Se considera que, como tal, el periodismo existió desde siempre en las sociedades humanas ya que el hombre siempre contó con la necesidad de transmitir información importante y de mantenerse al tanto de diversos hechos o sucesos. Mientras que en la Modernidad el periodismo empezó a ganar importancia a través de la impresión y publicación de gacetas breves, no sería hasta el siglo XIX y especialmente hasta el siglo XX que el periodismo no se volvería en una de las partes centrales de toda sociedad gracias a la enorme difusión que medios masivos como los periódicos, la radio o la televisión lograron.

El trabajo de un periodista puede ser muy amplio. Podría decirse que un periodista debe saber cómo plantear una noticia, cómo buscar la información apropiada para hacerlo y también saber distinguir las fuentes fiables de las que no lo son.
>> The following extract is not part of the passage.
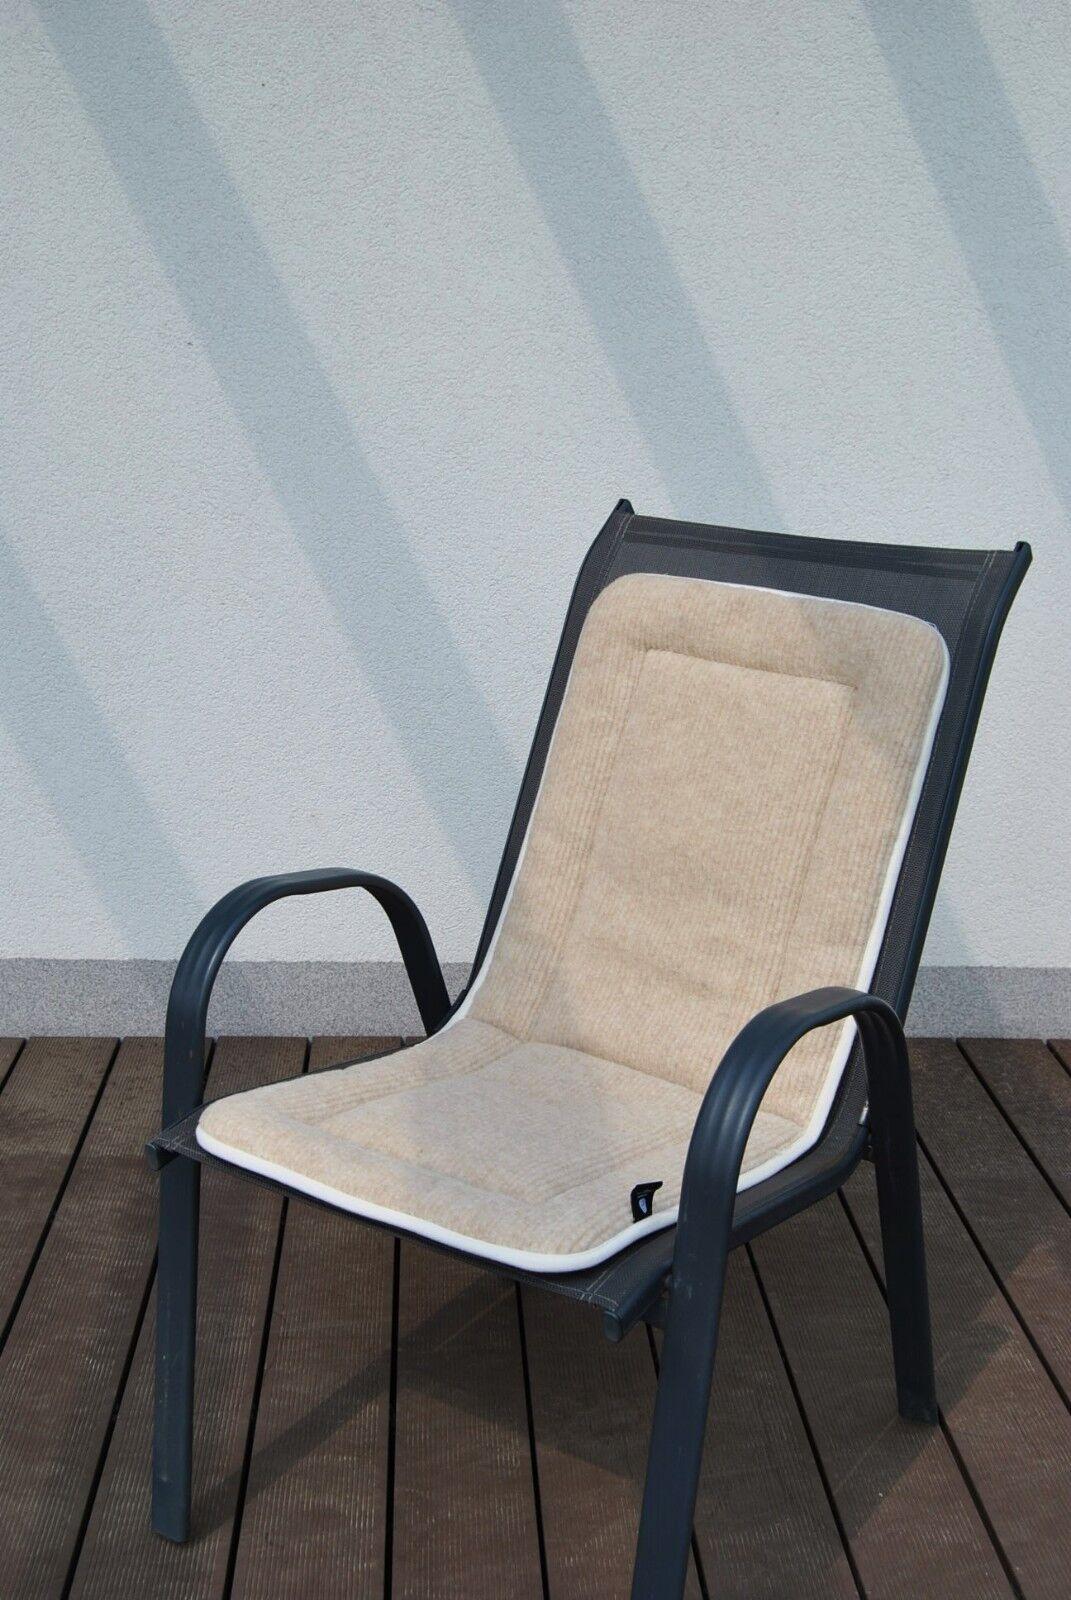 Warming Seat Covers Merino Wool Merino Wool Wool Car Chair Seat Covers Pads

Además, un buen periodista debe encontrar el modo más accesible y atractivo de comunicar la información recolectada, a modo de que la misma llegue a mayor cantidad de personas. Aquí es de gran importancia el uso de un lenguaje correcto pero accesible e informal en mayor o menor medida dependiendo del caso. Algunos de los elementos que hacen que los hechos sean tenidos en cuenta por los periodistas para ser publicados son la relevancia de los mismos, a quiénes afectan o quiénes se ven implicados, la actualidad de los mismos, la proximidad o cercanía del público con esos sucesos, etc.